Dangers of Custom Shortened URLs
If you’re not careful, custom shortened URLs can be dangerous – just like any other user-provided content.
As an example I’m going to pick on bit.ly. They’re not the only site to have this problem, but since being chosen as the default URL shortener on Twitter they are probably the highest profile.
http://bit.ly/robots.txtWhere do you think that link goes? I’d expect it to go to bit.ly’s robots.txt file, defining any parts of their site they don’t want to be crawled or banning some crawlers altogether. Instead, it redirects to someone’s blog – who, in a weird coincidence, links back to one of our sites in his post.
All the owner of that blog would have to do would be to change his post to look like a normal robots.txt file and he could happily ban Google (or Yahoo, or whoever) from crawling any page on bit.ly. You could probably cause a bit of upset by making a Sitemap entry in there that pointed to your own site… I’m not sure if “Noindex:” works in robots.txt but if so that could also be used for mischief.
How does it even work?
You may think that the custom name ‘robots.txt’ shouldn’t have been allowed – bit.ly do not allow ‘.’ to appear in them. However, they will happily strip out any dots in the link and ignore them – so bit.ly/robots.txt is equivalent to bit.ly/robotstxt. Interestingly, this also shows up a bug somewhere in bit.ly. If you click on both of those links, they should take you to the same blog post…
Bit.ly’s Bug
Sometimes clicking those two links will not take you to the same place.
By comparing the information on the two – robots.txt and robotstxt – you can see that they are actually stored separately in their database.

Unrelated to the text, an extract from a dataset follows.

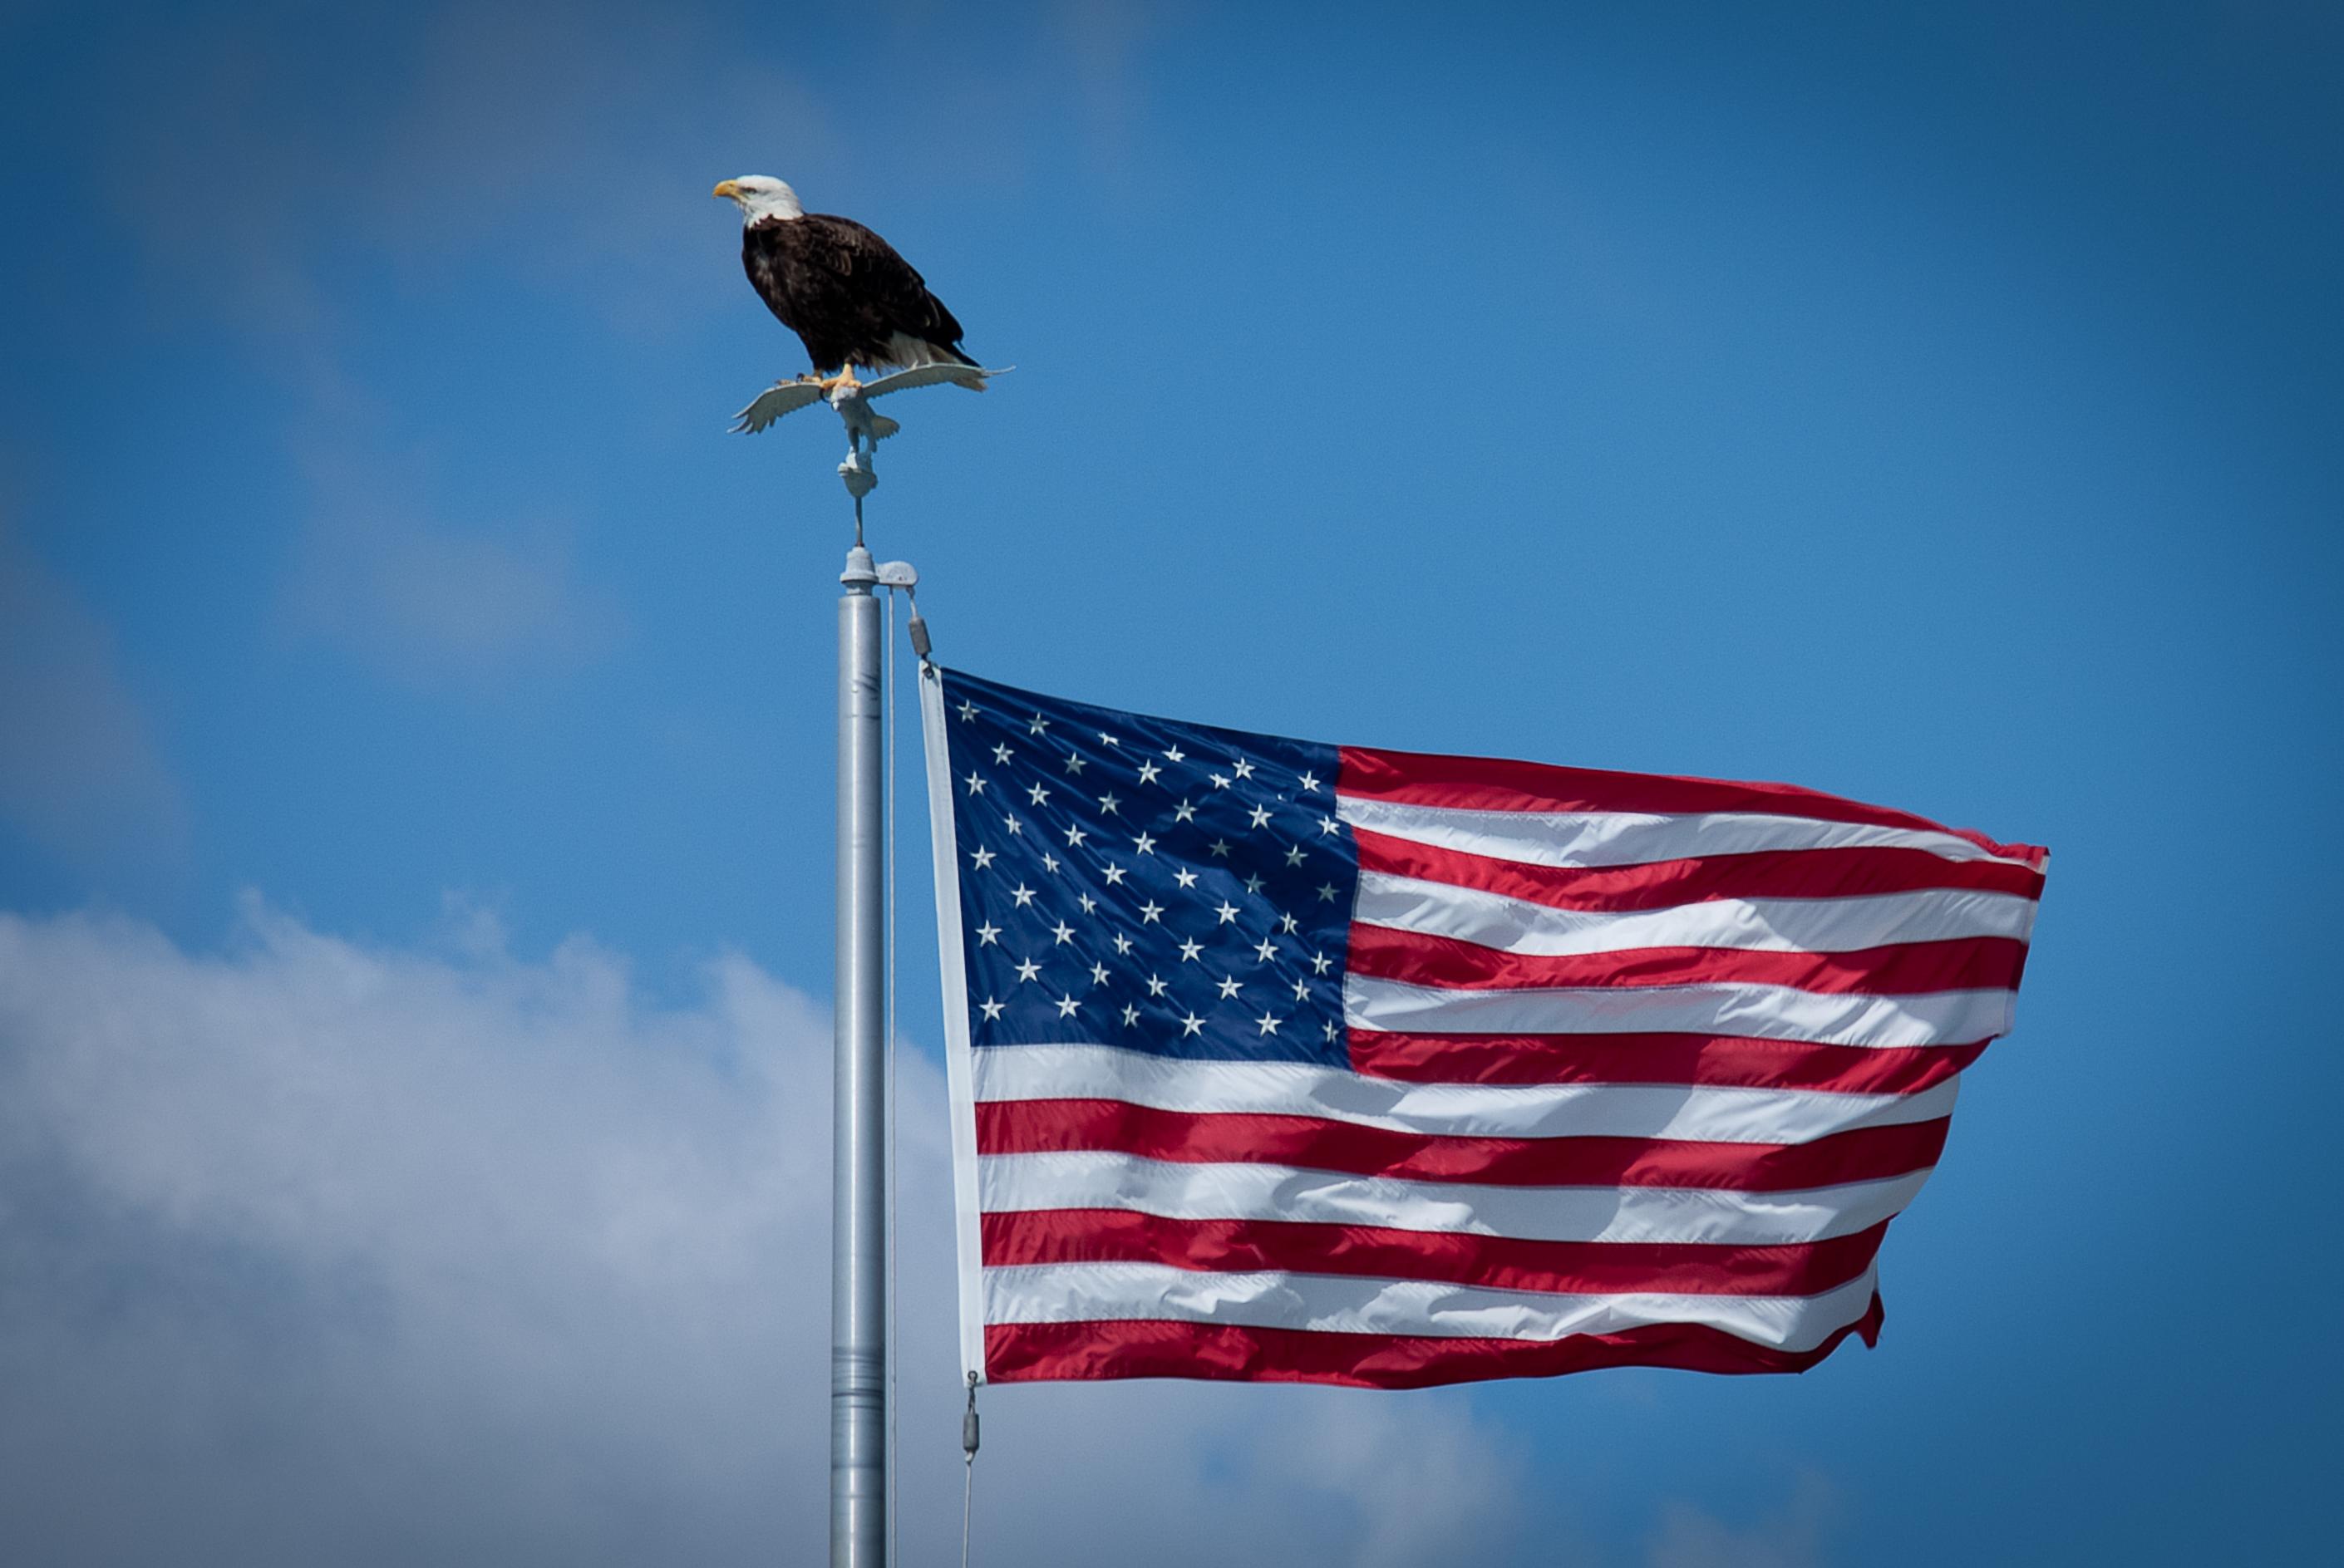 #flagday, #baldeagle, #florida, #naples, #americanflag, #bluesky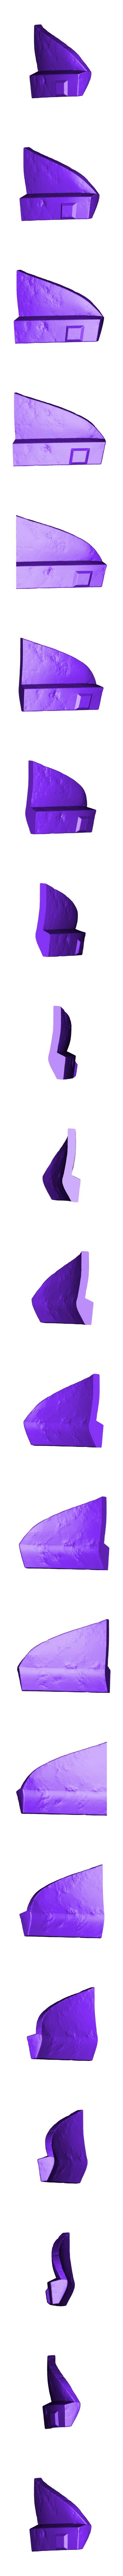 Armory_Damaged_Print22.obj Download OBJ file Armory - Knights of Ren Helmet (damaged), 3D print model • 3D print design, 3D-mon

You may also notice where the first one is supposed to redirect to – I’m clearly not the first one to think of it! As I said before, bit.ly remove dots from the URL before they redirect you – but it seems this doesn’t always happen. By comparing two sets of data you could hazard a guess that around a third of the time, trying to fetch the bit.ly robots.txt will redirect you to the first URL (1) while the rest of the time it will send you to the second (2).
What on earth is going on? My guess is that they are doing something like load balancing over at bit.ly and one of their servers isn’t removing dots in the same manner as the others. It’s redirecting to the one in the database with the dot, which I can only assume was added before they put a check in to prevent it. Their load balancer hits that particular internal server for some percentage of requests. Mind you – that’s just a guess, I’d be interested to hear from bit.ly about it.
Example (1):
GET /robots.txt
Host: bit.ly
HTTP/1.1 301 Moved Permanently
Server: nginx/0.7.42
Date: Thu, 24 Sep 2009 09:21:47 GMT
Content-Type: text/html;charset=utf-8
Connection: keep-alive
Content-Length: 131
Location: http://pentabarf.net/bit.ly-robots.txt
Allow: GET, HEAD, POST
This resource has permanently moved to http://pentabarf.net/bit.ly-robots.txt.
Example (2):
GET /robots.txt
Host: bit.ly
HTTP/1.1 301 Moved
Server: nginx/0.7.42
Date: Thu, 24 Sep 2009 09:21:48 GMT
Content-Type: text/html; charset=utf-8
Connection: keep-alive
Location: http://petercoughlin.com/robotstxt-wordpress-plugin/
MIME-Version: 1.0
Content-Length: 314
<!DOCTYPE HTML PUBLIC "-//IETF//DTD HTML 2.0//EN">
<HTML>
<HEAD>
<TITLE>Moved</TITLE>
</HEAD>
<BODY>
<H2>Moved</H2>
<A HREF="http://petercoughlin.com/robotstxt-wordpress-plugin/">The requested URL has moved here.</A>
<P ALIGN=RIGHT><SMALL><I>AOLserver/4.5.1 on http://127.0.0.1:7200</I></SMALL></P>
</BODY>
</HTML>
This post mentions “dangers” and I’ve only covered one problem with one site… having said that this post is long and boring enough already so I think I’ll save the others until tomorrow! For now, the moral of the story is: if you’re running a URL shortener, be careful letting people name their own links!
James
18 Comments
Tim Nash - http://www.timnash.co.uk
That does sort of assume that Google will obey a robots.txt on an alternate domain, via the 301 thinking about our own crawler we actually test to see if a status 200 request is returned on the robots.txt file to save time (since vast majority of sites do not have such files) since it wouldn’t return a 200 return it would simply be ignored. I would assume google would do something similar.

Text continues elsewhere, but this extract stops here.